Python includes both functions and methods in its standard library.
A function takes one or more arguments and optionally returns a value. Some of Python's built-in functions that we've already seen in this course are len(), chr(), ord(), input() and print(). To call a function, we simply write its name followed by the arguments:
name = input('Enter your name: ')
A method is like a function, but is invoked on a particular object. For example:
s = 'yoyo' b = s.startswith('yo') # method call
In the second line above, we are invoking (or calling) the startswith() method on the string s. We pass the string 'yo' to the method. The method returns a value, which is True in this case since the string 'yoyo' does start with 'yo'.
Above, we said that a method is invoked on an object. In Python any value is an object, so (for example) 3, False, and 'yoyo' are all objects. (In some other languages, there is a technical distinction between objects and other kinds of values.) Methods (and a related feature, classes, which we'll discuss later) are fundamental building blocks in object-oriented programming. A language that has methods and classes, such as Python, C++, Java, or C#, is called object-oriented.
Not all programming languages have both functions and methods. For example, C has only functions, and classic Java has only methods. Python is a bit of a hybrid since it has both functions and methods. This arguably makes the language more flexible and convenient (at the cost of some complexity).
In this course we will soon learn how to write our own functions, and before too long we'll learn how to write our own methods (and classes) as well.
Python's library contains many more useful methods on strings. For example, .lower() converts all characters in a string to lowercase:
>>> s = 'YUMMY PIE' >>> s.lower() 'yummy pie' >>> s 'YUMMY PIE'
Notice that the call to lower() above returned a new string that was like s, but in which all characters are lowercase. It did not modify the original string s, which still contains uppercase characters. In fact, it could not possibly modify s, since Python strings are immutable. Many string methods are similar to lower() in that they return a new string derived by modifying a given string in some way.
Our quick reference lists more string methods and operators. Note that strings are iterable, since you can loop over them with 'for'. They are also sequences, since you can access string elements using the syntax s[i]. Soon we'll see other kinds of iterables and sequences. (In Python every sequence is iterable, but some iterables such as sys.stdin are not sequences). So if you're looking in the quick reference for operations that work on strings, you can find them in three places: in the section on iterables, in the section on sequences, and in the section specifically about strings.
We've already seen Python's input() and print() functions. input() reads a line from standard input. print() reads a line to standard output. By default standard input and output are the terminal, but we'll soon see that we can redirect them from or to a file.
At some point the input may reach its end. When the input comes from a terminal, we can signal the end of the input by typing ctrl+D (on Linux or macOS) or Ctrl+Z Enter (on Windows).
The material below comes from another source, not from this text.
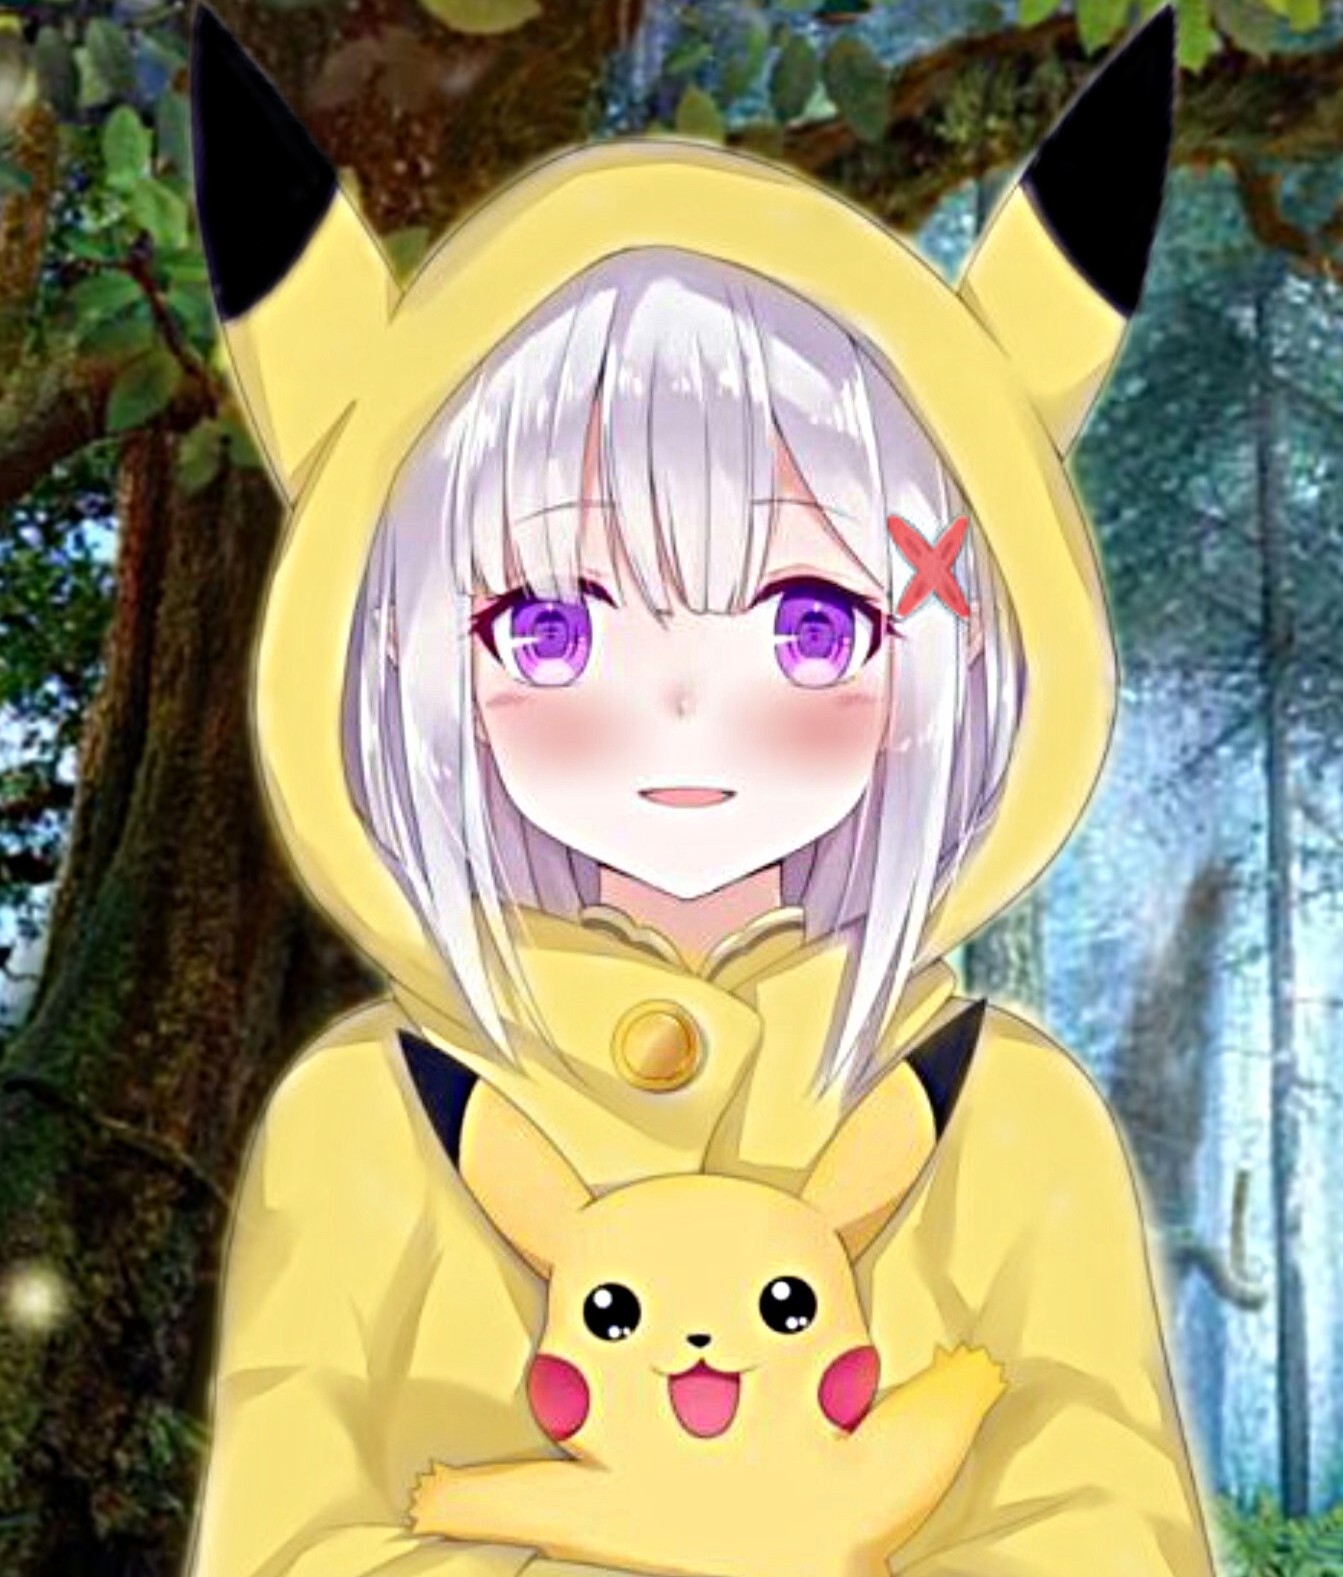 freetoedit anime girl pokemon pikachu image by @anime_girl22.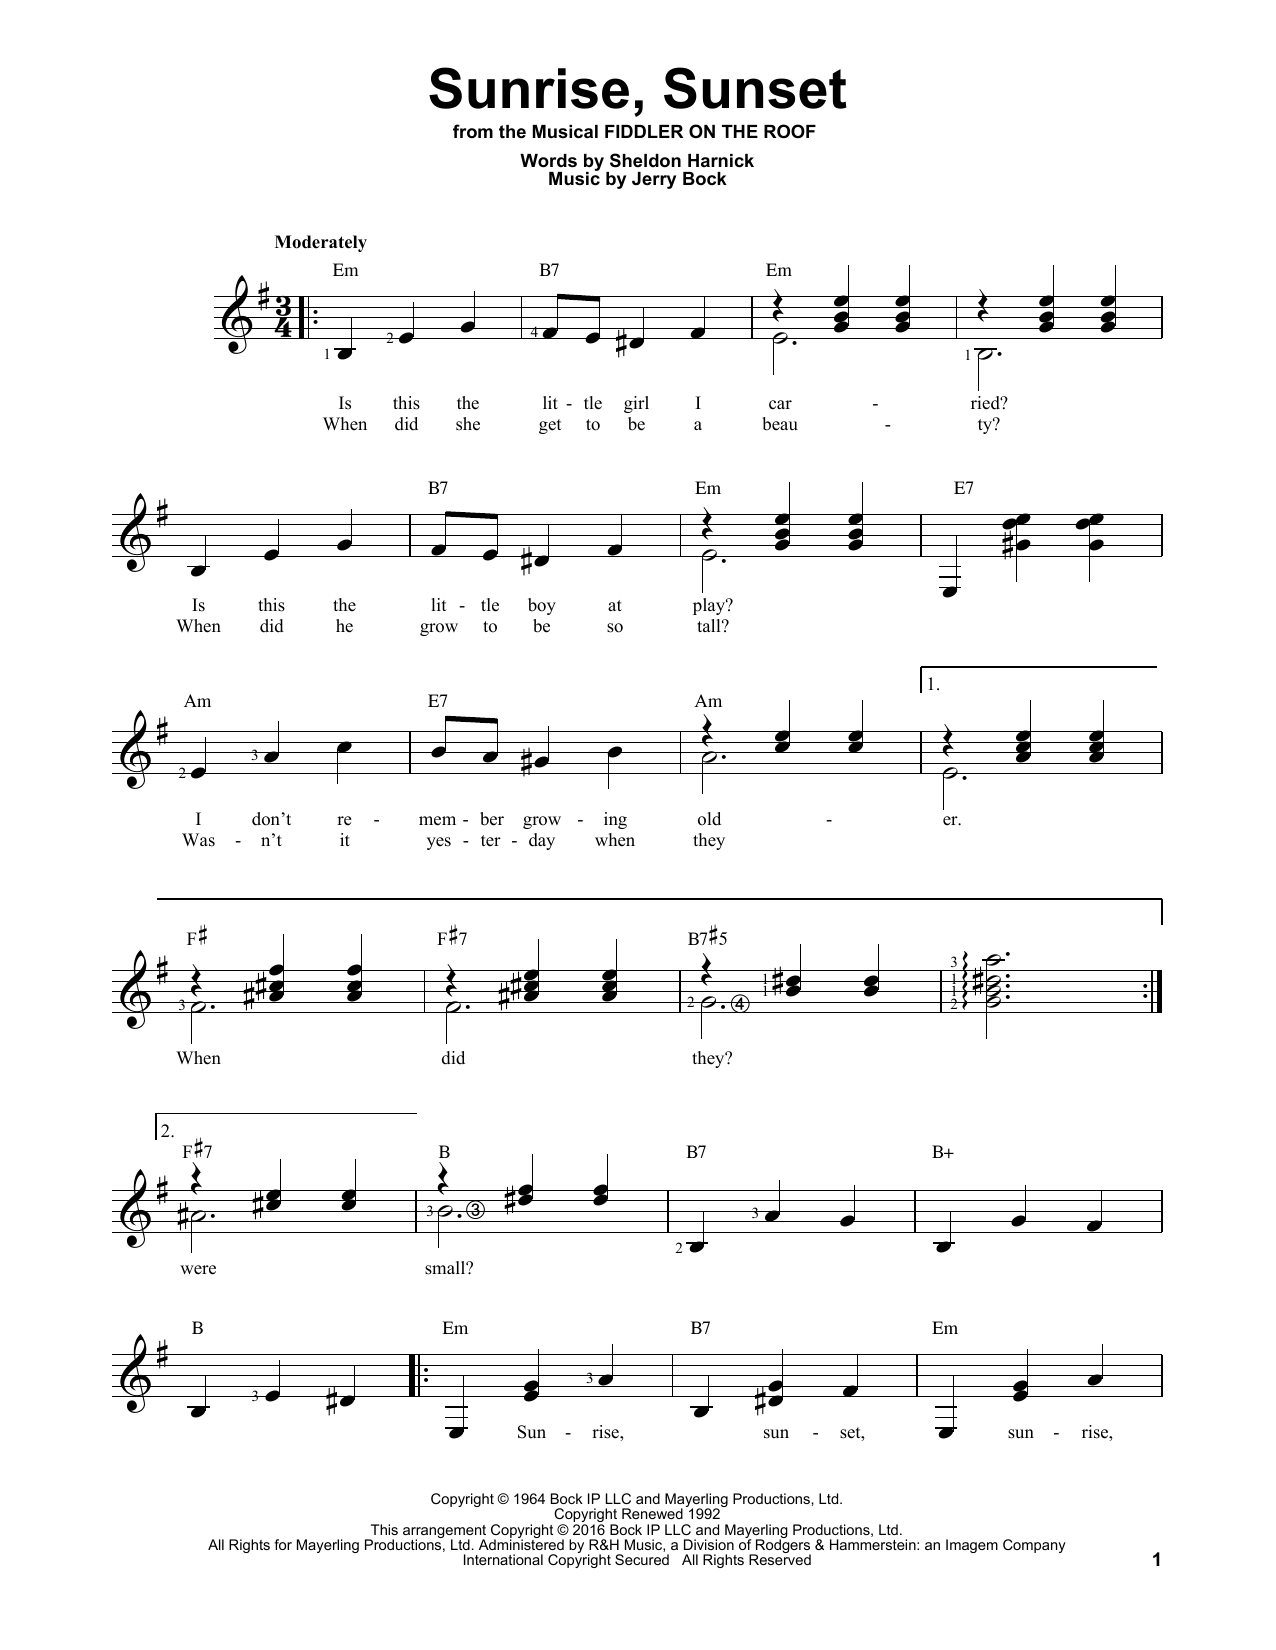 Sheldon Harnick Sunrise, Sunset Sheet Music Notes & Chords for Melody Line, Lyrics & Chords - Download or Print PDF

Let's write a program that reads numbers from
standard input, one per line, until it ends. The program will print
the sum of the numbers. We could try to use input() to read the
numbers, however when the input ends input() will produce an error,
which is inconvenient. As another approach, we can use the object
sys.stdin
, which represents a program's
standard input. We can loop over sys.stdin using a 'for' statement.
On each iteration, we'll receive the next input line as a string:
import sys sum = 0 for line in sys.stdin: # for each line of standard input n = int(line) # convert string to integer sum += n print('The sum is', sum)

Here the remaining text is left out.